Which means to me that it's potentially a winnable battle at some point in the future, but I don't know why now would be a better outcome than then. Maybe if you could trick MS into fighting with Google about it. Or just maybe, this latest media push is some submarine attempt by Google to start a new fight about file formats?
https://news.ycombinator.com/item?id=44606646
But if you dig hard enough, there's actually links to more evidence of why it is that complicated... so I don't think it was necessarily intentionally done as a method of lock-in, but where's the outrage in that? /s
"Complicated file format has legitimate reasons for being complicated" just doesn't have the same ring to it as a sensationalized accusation with no proof.
'special case everything we ever used to do in office so everything renders exactly the same'
Instead of offering some suitable placebo for properly rendering into a new format ONCE with those specific quirks fixed in place?
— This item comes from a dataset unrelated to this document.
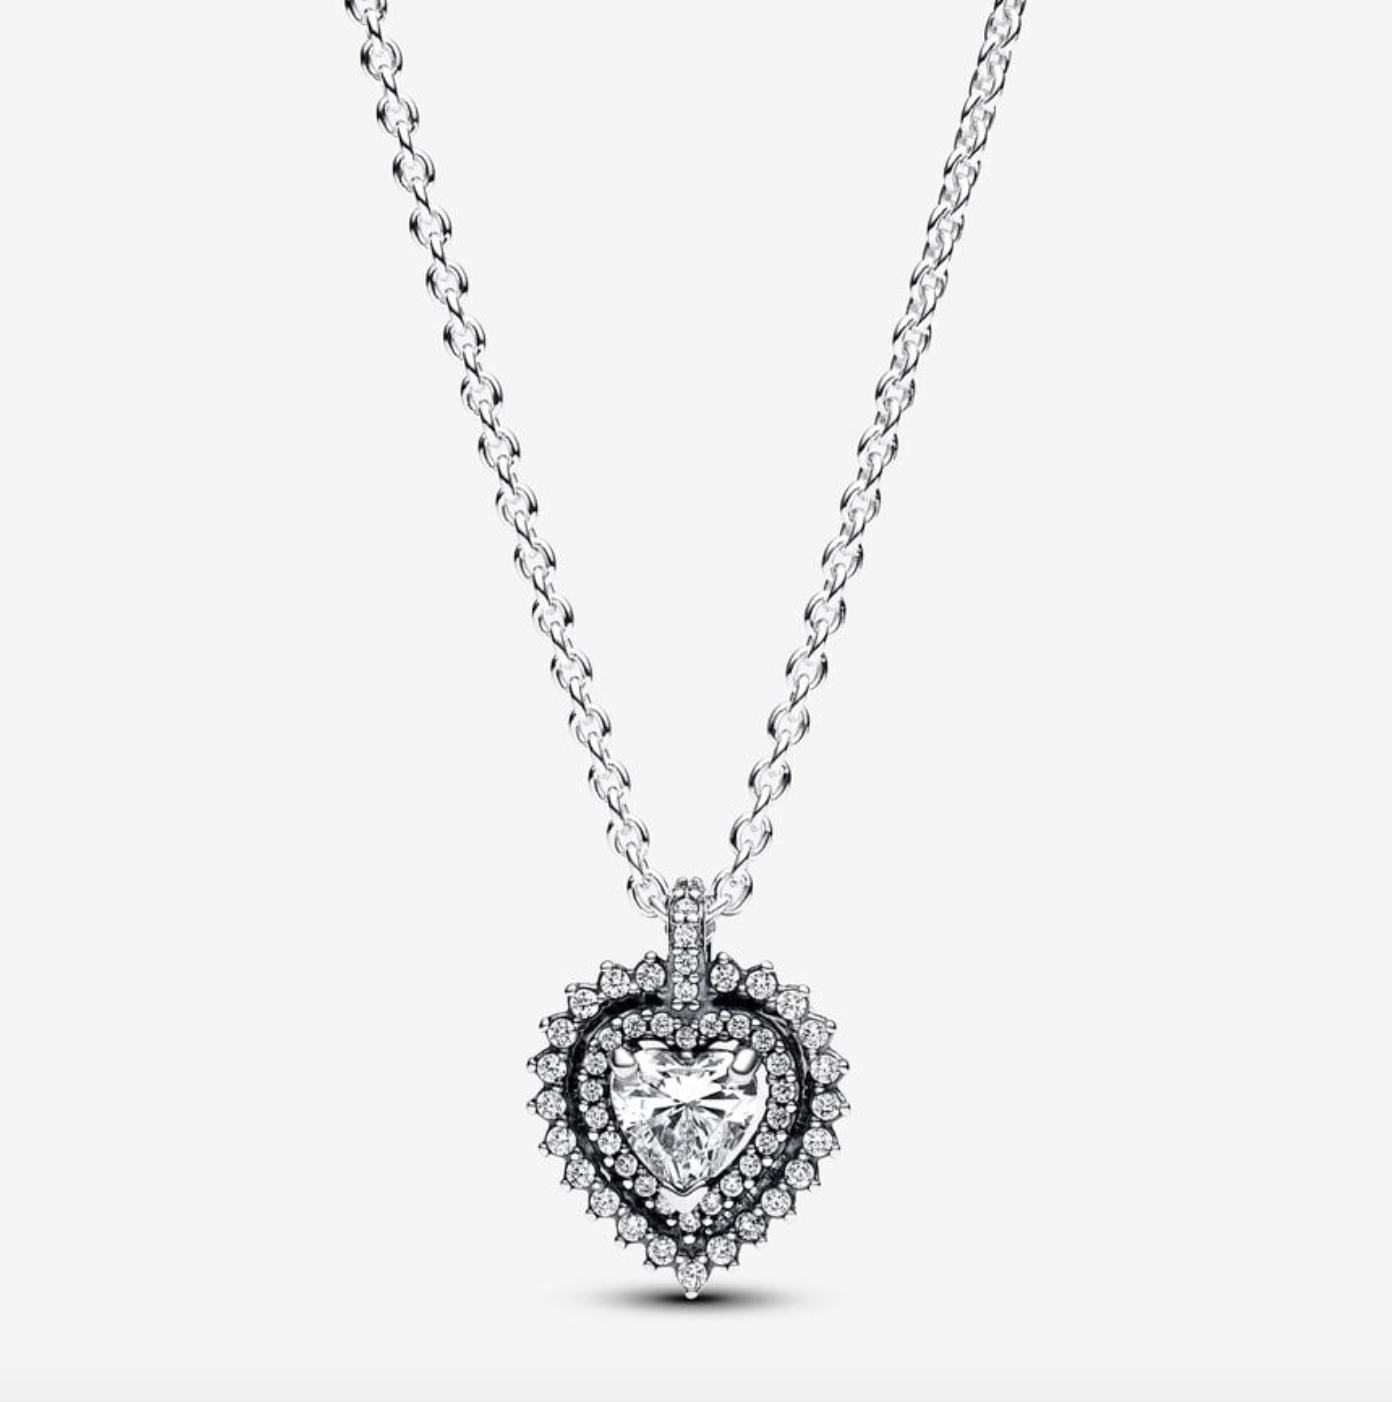 XIAQUJ Lady Double Heart Shaped Sparkling Diamond Necklace Collar Chain  Neck Chain Sweater Chain Jewelry Layered Love Zircon Necklace Pendant  Handmade Exquisite Necklace Necklaces & Pendants Silver - Walmart.com

"You have opened your Word 97 document in Office 2003. The quirks have been removed, so it might look different now. Check every page before saving as docx."
"You have pasted from a Word 97 document into an Office 2003 OOXML document. Some things will not work."
Obviously parsing the XML is trivial. What is not trivial is what you do with parsed XML and what the parsed structure represents.
What is it about serializing XML that would optimize the expression of a data model?
I think this needs to end and it is up to ordinary people to seek alternatives.
Apart from LibreOffice, we still have many other alternatives.
Even TypeScript encourages artificial complexity of interfaces and creates lock-in, that's why Microsoft loves it. That's why they made it Turing Complete and why they don't want TypeScript to be made backwards with JavaScript via the type annotations ECMAScript proposal. They want complex interfaces and they want all these complex interfaces to be locked into their tsc compiler which they control.
They love it when junior devs use obscure 'cutting edge' or 'enterprise grade' features of their APIs and disregard the benefits of simplicity and backwards compatibility.